Sensory perception involves psychological issues and cognitive skills. The greatest individual differences are observed in sensory experiments, since tasters’ senses assign positive or negative attributes to a product, which are numerically represented by means of a hedonic scale. Thus, when considering statistical methodologies to evaluate the results, the question becomes a challenge to answer because its application requires presumptions that are not always met. In addition, answering a single objective limits the search for the state of the art, contextualized in the exploration of other results that arises from new applied methodologies. Based on this argument, this study aims to present a methodological review that presents the results and contributions of different statistical techniques, addressed by mixing distributions, resampling techniques to build indices robust to outliers, machine learning to I'm prove multivariate classifiers and visualization techniques of the data.
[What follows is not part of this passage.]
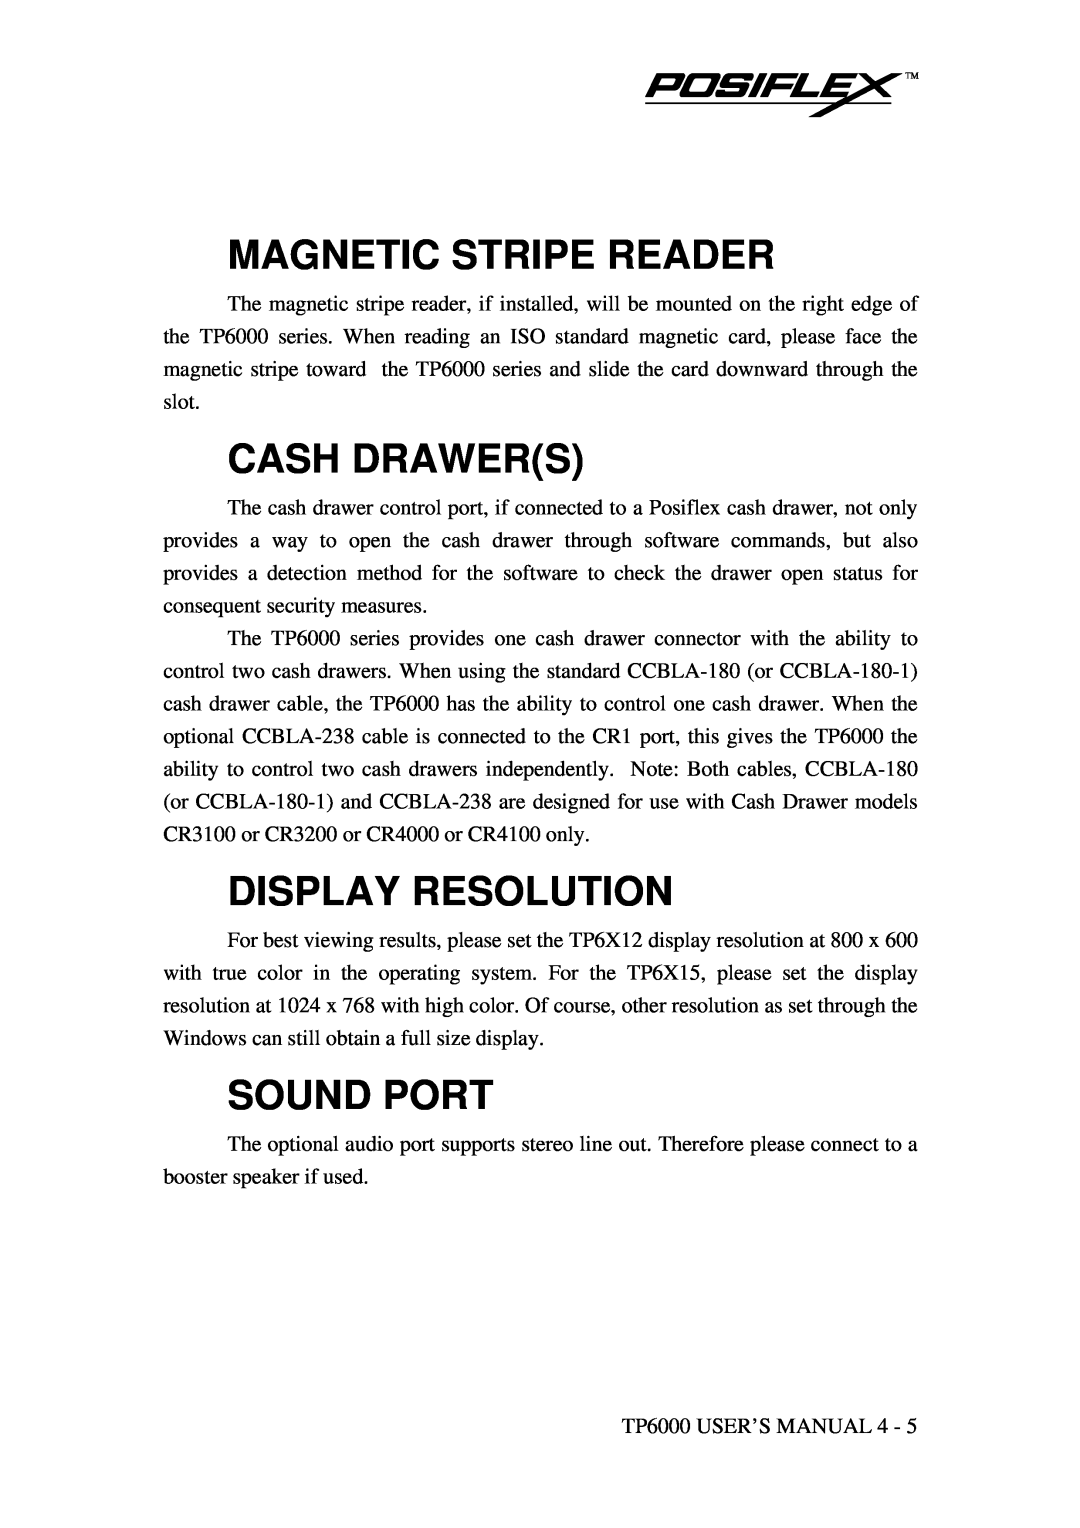 Mustek TP-6000 user manual Magnetic Stripe Reader, Cash Drawers, Display Resolution, Sound Port

These are derived from a single database, which references analyses of the quality of specialty coffees with denomination of known origins that are evaluated by heterogeneous groups of tasters. Based on the knowledge base of the researchers and a review of the literature, the aforementioned methodological procedures are applied, and their advantages and aggregate results are compared to the understanding of the behavioral attitudes that lead to the distinction of the quality of the coffees evaluated.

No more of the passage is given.